1. I've decided to go with the Vermont Castings
Dutchwest catalytic stove. There doesn't seem to be
much difference in the capacity of the small and the
large (one is 600-1400sq feet and the other is 800-
1600sq feet or some such similar relationship). I'm
looking to heat 784sqft (28x28). Is there some benefit
to going with the large as opposed to the small?

2. The stove is cast iron. I may upgrade to radiant in the
future, but for now, can I add a little radiant effect by
putting a couple of rocks on top of the stove.


DeadCarp - design yer own    Posted 05-22-2003 at 16:12:58       [Reply]  [No Email]
Hi Paula and welcome :) Let's sit back a sec and pretend we're designing a stove for heating purposes okay? Believe it or not, the most efficient size for the actual wood-burning fire chamber is about the size of a microwave, 1 1/2 cubic feet. Any bigger, you'll use more wood and get less heat cuz you won't be doing the "secondary burn" as well (heat produced by the actual gases after they're released from the firewood). So as far as size, you're probably better off with the smaller one. Bear in mind tho, we're taking about the actual amount of usable air AROUND a full load of firewood. In a nutshell, a properly-stoked barrel stove is about as close as the average woodchopper usually gets to perfect.
Having generated a nice burst of heat, we should consider storing it somewhere til the next load's needed. Now we're talking thermal mass - that can be anything from ponds or barrels of water to concrete blocks or rocks or a pile of dirt. The idea here is to use something that absorbs lotsa heat and hopefully lets you sleep thru its release.
The other important aspect is to properly locate the heat source to get the air circulating the right way. Heat ALWAYS likes to rise, and it sets up its own circulation so if the stove's near the center of the house, you'll have a warm head but cold feet okay? Better yet, fashion a way to get the heat to rise past those cold windows and the heat will mix with it & balance alot better. Plus that, there's wind chill to think about, and that's what the exterior walls of your house have to contend with all nite. That's why all those electric and hot water registers are located along the outside walls.
There Paula - have fun designing your heating system - you're now armed with more than the average person wants to think about when he's trying to get a bucket of ashes outside without ruining that stupid white rug! :)

BTW: The Finns don't worry about all this, they just flash-burn an armload of wood in the huge heater/stove/oven that grampa cemented together in the middle of the house years ago, the one with the slate baffles in the smoke chamber, with the self-circulating warm slate bench to dry mittens on, the one where you put round bread in at nite (bread with center holes like big donuts) and hang it on the broomhandle in the morning. The darn bread might be so dry it never spoils, but do they know about heat or what? :)
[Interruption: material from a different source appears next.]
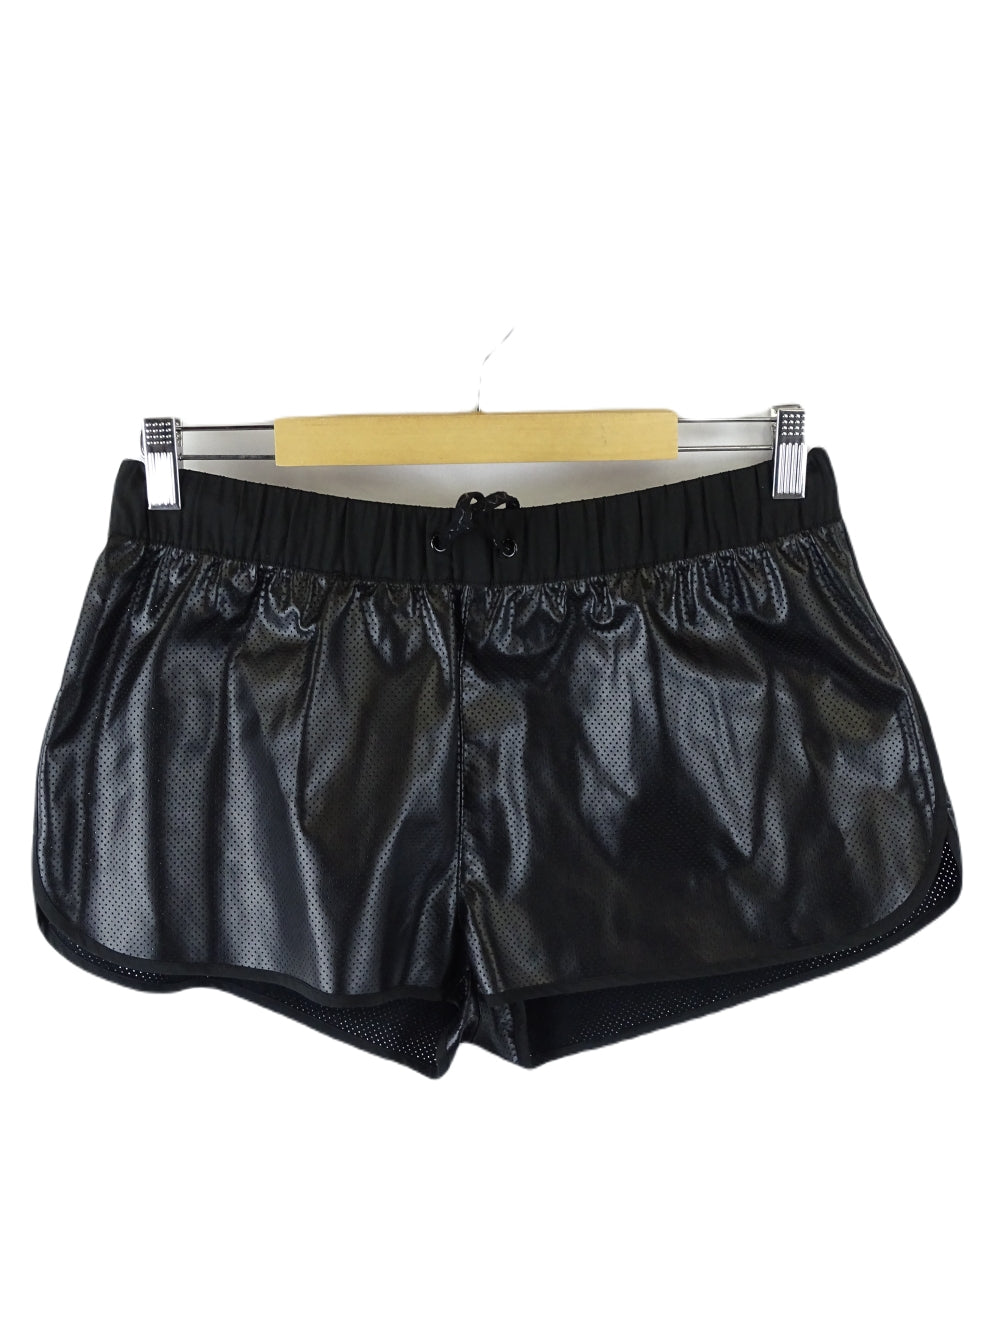 Seafolly Black Faux Leather Shorts S

Paula    Posted 05-23-2003 at 04:37:39       [Reply]  [Send Email]
Dead Carp:

1. High thermal mass. Got that - the stove is sitting on a
brick hearth in fronto of a brick wall. I'm thinkng of
putting a slab of soapstone on top of the stove too.

2. Stove is centrally located in a great room with walls
only around the bedroom and the powder room. Lots
of southfacing glass though - may have to look into
honeycomb blinds.

3. Ceiling fans in every space to stop stratification of
hot air up in the ceiling.

4. Funny you mention the Finns:
When I was looking at heating I first considered a
Tulikivi (soapstone radiant stove), but they're about
12grand to purchase and install. Then I looked at the
rais-wittus barrel woodstoves (reputed to be highly
efficient) - they're about 4k to purchase. So much for
keeping things simple. Short of hooking up with a
handsome hunky mason, my woodstove budget
(including hearth) is about 3k.


Ron/PA    Posted 05-22-2003 at 10:38:02       [Reply]  [No Email]
Paula, what area of Pa are you in? Are you sticking strictly to wood, either way you may want to consider a combination of wood/coal. You know we do have a bit around here,, hehehe
There is still a local mfg. here in Pa for coal and I believe wood as well.
Good luck and let me know if you need any info.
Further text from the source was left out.